The safest of the safe
Widow-and-orphan stocks typically have three things in common as they go about the business of providing reasonably safe returns:

  • Steady but unspectacular rates of return.
  • Solid and growing dividends.
  • Industries that are neither highly cyclical, faddish, or particularly growth-oriented.

In fact, studies have shown that dividend payers can actually grow faster than non-dividend payers -- belying the reputation of "widow and orphan" stocks as boring and stodgy.

Banks and utilities have historically been the poster companies for a widow-and-orphan portfolio. Banks are the everyday glue that binds together our economic system, and conservative lenders have produced solid returns from holding and lending out funds. Utilities enjoy monopoly-like status, which, although regulated, usually allows for a safe and steady return. Neither is overly cyclical, and both are inflation-resistant, given their ability to pass along cost increases.

The end of the world as we know it
Yet all this supposed safety has flown out the window in a matter of months. Washington Mutual failed, and Wachovia (NYSE:WB) got bought for a fraction of what it was worth even a few months ago. Bellwethers like Citigroup (NYSE:C) have cut their dividends and turned to foreign investors for equity capital. And let's not even mention the investment banks that imploded, such as Fannie Mae and Freddie Mac.

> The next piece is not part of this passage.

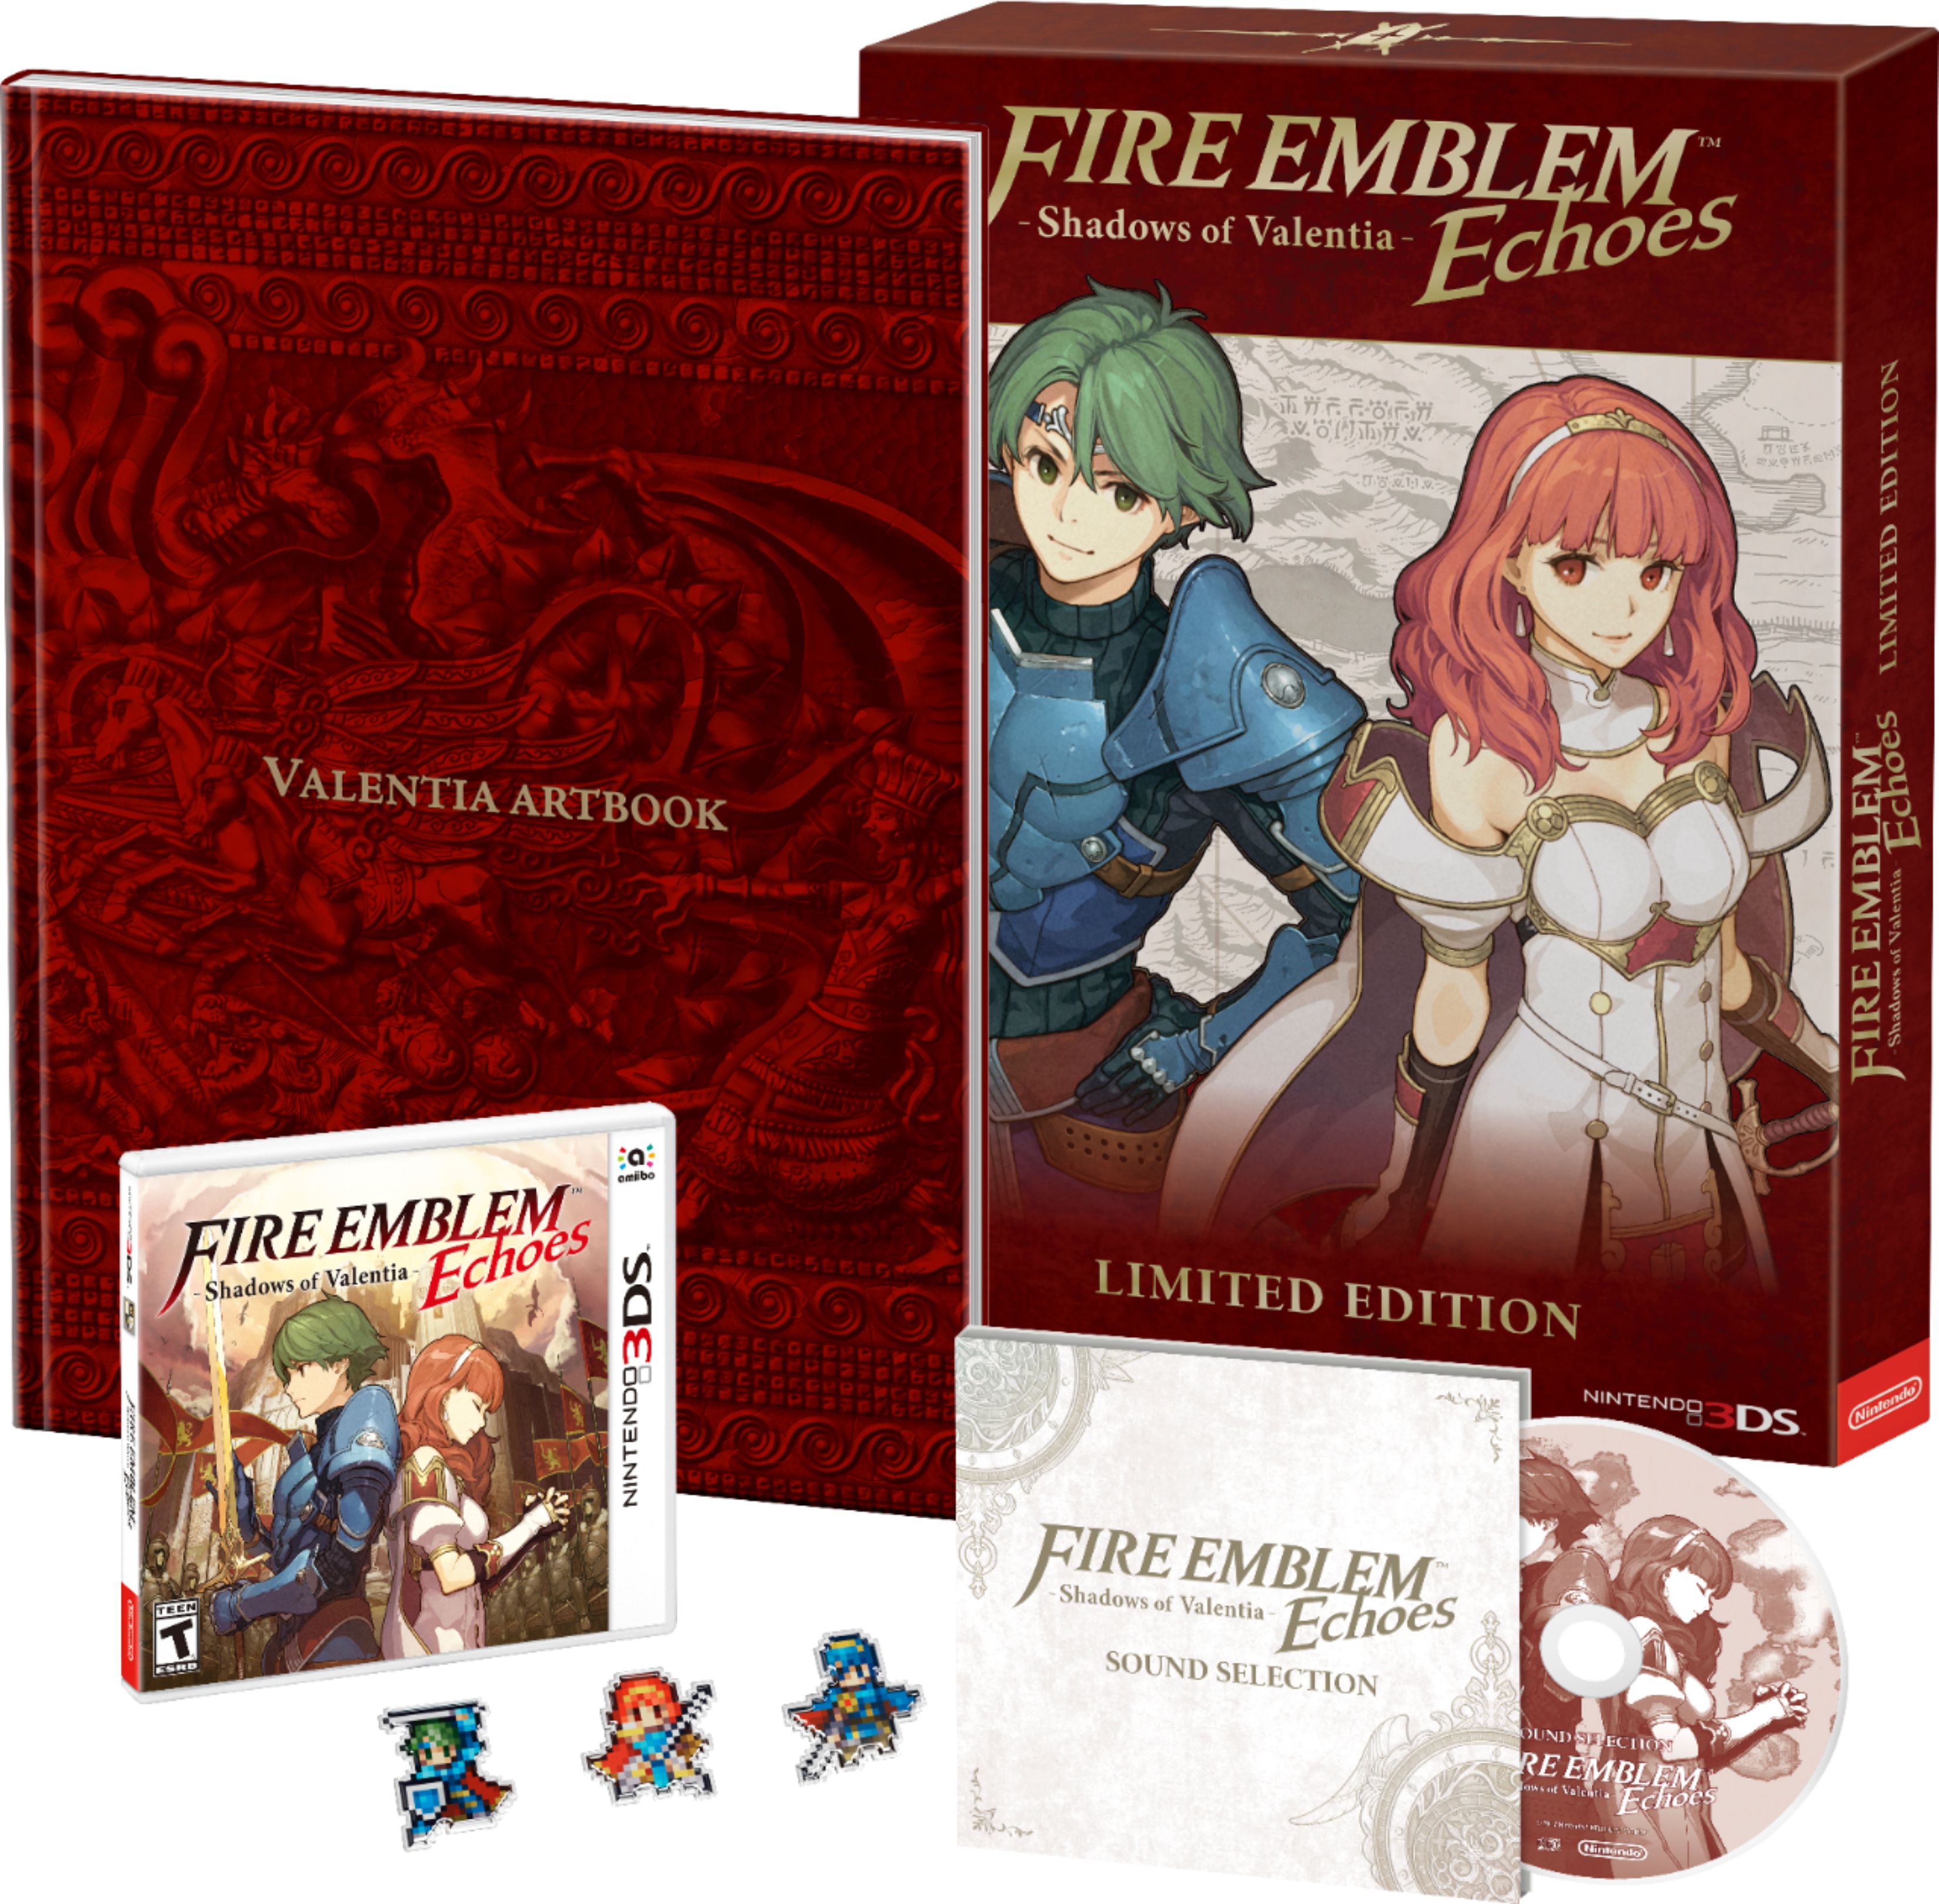 Fire Emblem: Awakening (Nintendo 3DS) BRAND NEW World Version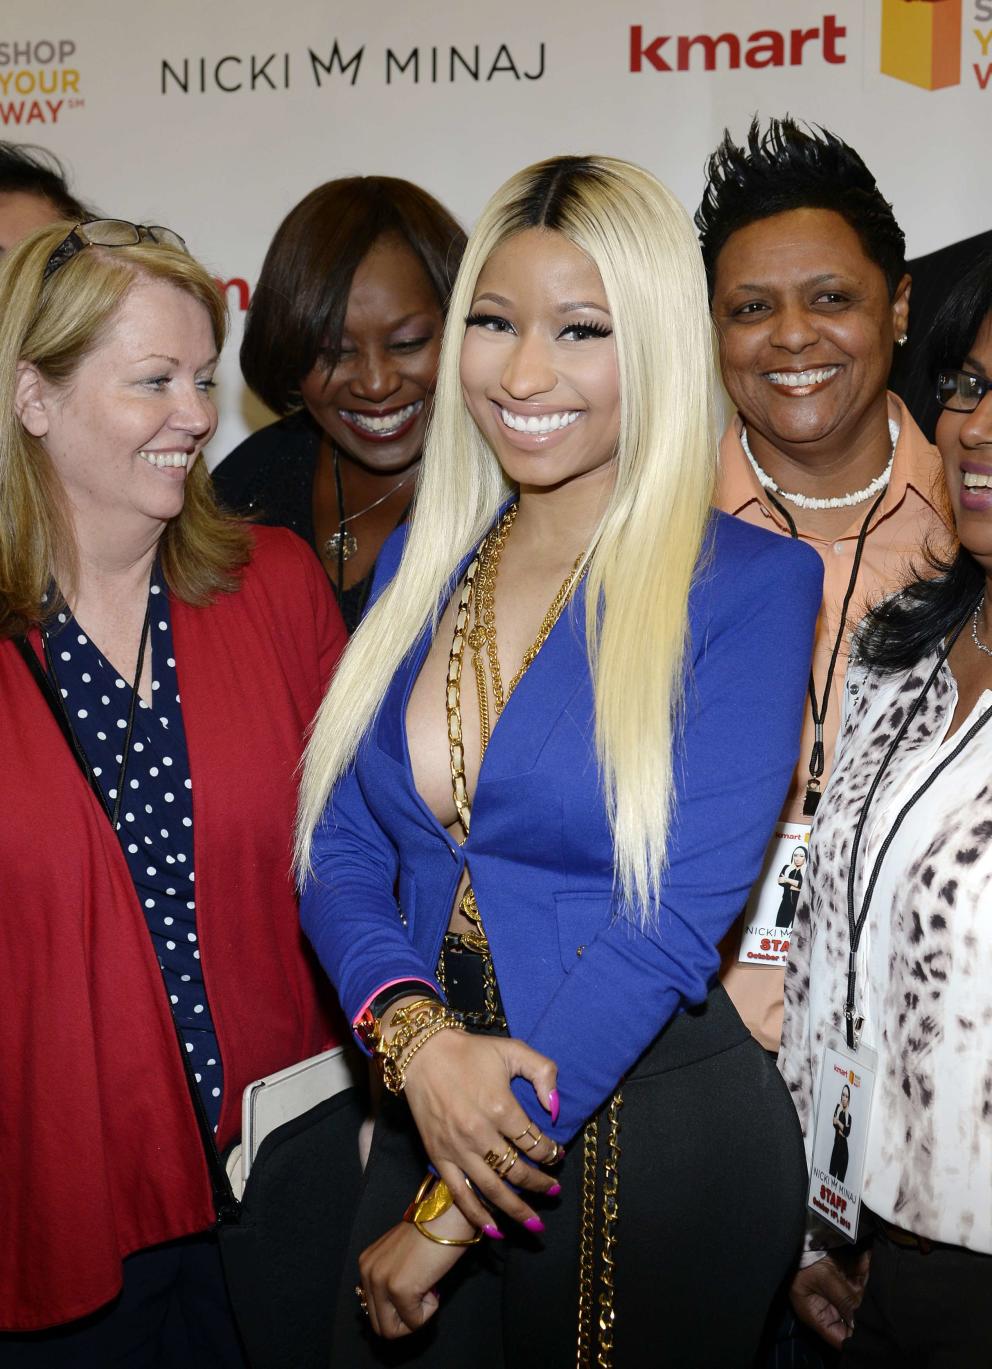 Singer Nicki Minaj launches her fashion line at Kmart in Los Angeles, California

Utilities haven't fared much better. Constellation Energy (NYSE:CEG) almost collapsed from its exposure to the credit market before it was rescued by the white knight from Omaha, Warren Buffett. Other companies -- such as Reliant Energy (NYSE:RRI) and Mirant (NYSE:MIR), down a respective 80% and 60% year to date -- are underperforming even the horrible market we're in now.

And I feel fine
So does the decimation of widow and orphan stocks mean that nothing is safe anymore? Definitely not. Even when the headlines are negative, many solid, stable, dividend-paying companies have been going about the business of creating long-term returns for their shareholders.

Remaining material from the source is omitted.